Carmen seemed like a different woman that day, though, as she showed Mia the cottage and the grounds. The snappy, daring, feisty side of her didn’t exist, and she seemed intent on Mia’s comfort. She told her about the rules governing their water usage, and about covering her food to protect it from the mice. She told her about the illegal aliens—’undocumented workers,’ she called them—who lived in makeshift camps in the canyon. “You’ll see them on the streets of town in the morning, looking for work, but in the evening they disappear back into the canyons. You should know that they’re there, but they won’t bother you.”
Mia had asked many questions to keep her talking about Sugarbush or Valle Rosa or the drought, not wanting to give her new landlady a chance to ask her anything about herself.
When Carmen appeared on the television screen, Mia turned up the volume. Carmen sat next to the anchor, Bill Jackson, whose hair always looked as if it had been painted onto his scalp with black shoe polish. Once Carmen was on, though, the camera was hers, and Mia couldn’t help breaking into a smile of admiration at seeing that confident, almost regal, bearing. Behind Carmen, footage of the Cinnamon Canyon fire ran while she spoke.
“Today,” Carmen said, “Valle Rosa’s acting mayor, former Padre pitching ace, Christopher Garrett, who has spent his first two months in office battling Valle Rosa’s serious water problems, announced he is hiring an environmental engineer, Jeff Cabrio. Cabrio claims he can make rain fall over Valle Rosa.” Carmen’s voice, marked by a delicate, almost imperceptible, Spanish accent, had taken on a slight cynical edge. A smile played at the corners of her lips, an almost conspiratorial smile, as though she wanted her viewers to know she thought Chris was as crazy as they did.

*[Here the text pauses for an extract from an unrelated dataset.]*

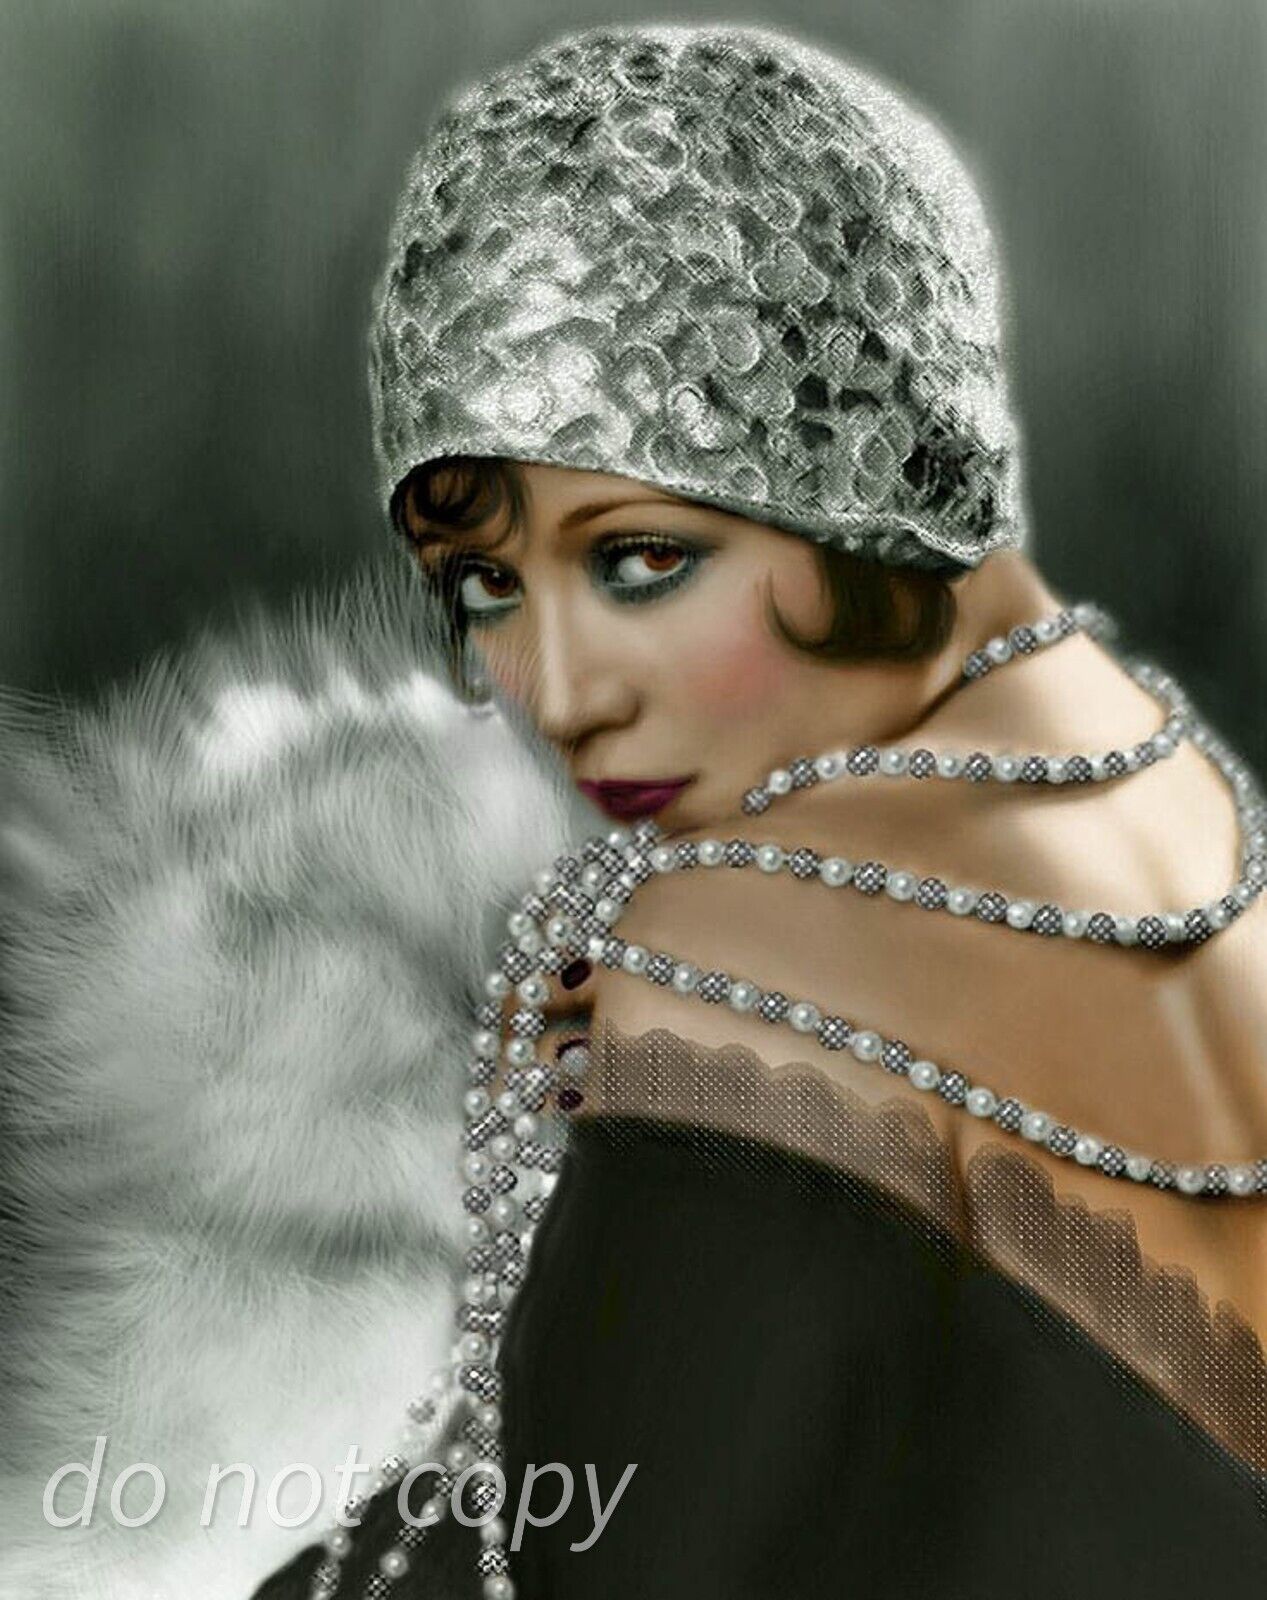 Sexy Flapper Girl   Vintage glamour   8X10 PUBLICITY PHOTO - - Flapper Girl
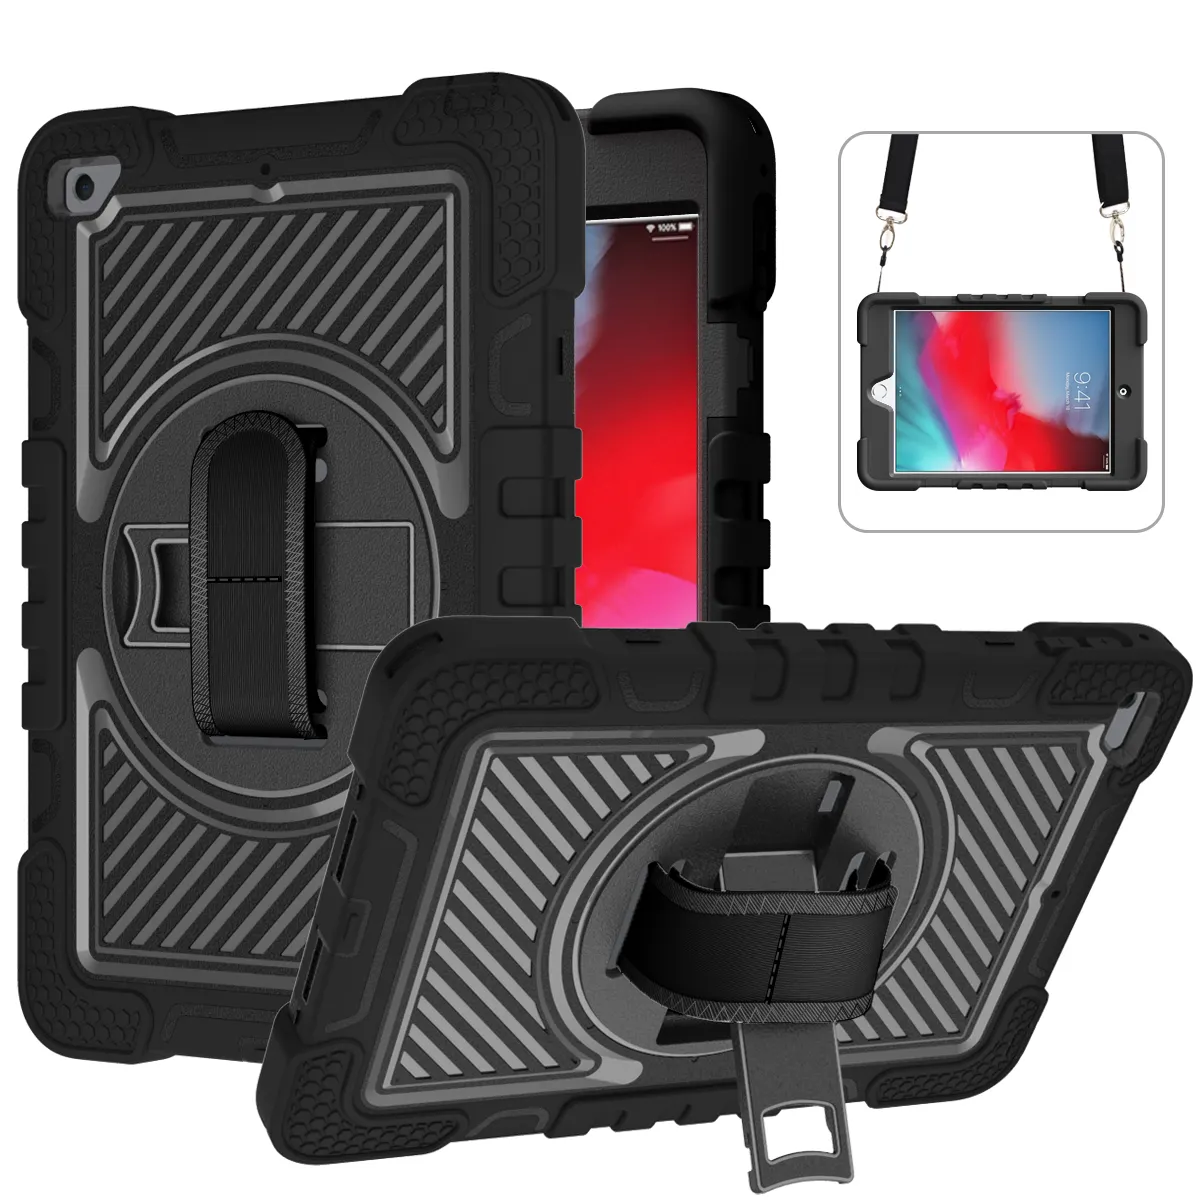 Rotating Stand Shockproof Protective Case For iPad Mini 4/Mini 5 7.9 Inch 4th/5th Gen Built-in Shoulder Strap Hand Strap Cover

“In response to questions as to how he intends to pay for Cabrio’s service, Mayor Garrett said he would be shifting funds earmarked for road improvement into the fund for water resources, saying that ‘water is a more pressing issue right now.’ There’s been no word as of yet on how the transportation board in Valle Rosa is reacting to this news. On Monday, Mayor Garrett lost his own home to the Cinnamon Canyon fire.”
The camera pulled back from Carmen to add Bill Jackson and his patent leather hair to the picture. “Sounds like that’s not all he lost,” Jackson said with a chuckle, and Mia winced at the implication. Until this moment it hadn’t struck her as unreasonable that Chris would hire Jeff Cabrio to make it rain. Like a true charismatic, Jeff had walked into the office and had them believing. Listening to the turn of events from Carmen’s mouth, though, Chris’s decision seemed ludicrous. Mia glanced out the window toward Jeff’s cottage, wondering if he was watching the news himself.
When she had finished eating, she turned off the television, changed into shorts and a baggy T-shirt, and settled down on the floor in front of the piece on which she was working. It was the head of a man, and it rested on an old orange crate. Leaning against the coffee table was a large bulletin board covered with photographs, mostly five-by-sevens, of a smiling but bedraggled middle-aged man. As she carefully unwrapped the plastic from the bust, she glanced back and forth between it and the pictures, her smile growing. Henry was perfect. Nearly finished. She was taking a ridiculous length of time with this piece, and she couldn’t have said why. She’d destroyed and rebuilt his perfectly fine left ear a half dozen times.
She’d been walking in downtown San Diego with Glen, both of them ready for their next project, both of them searching for a lure. They’d spotted Henry at the same moment, plucking him from the crowd with their eyes, catching their breath in the recognition that he was perfect.
“He’s mine!” Mia called it first. Glen relented after a few hostile minutes there on the sidewalk, while Mia kept her eye on their scruffy find to make sure he didn’t disappear. They were often drawn to the same subjects. “The price I pay for having taught you all I know,” Glen had said, more than once.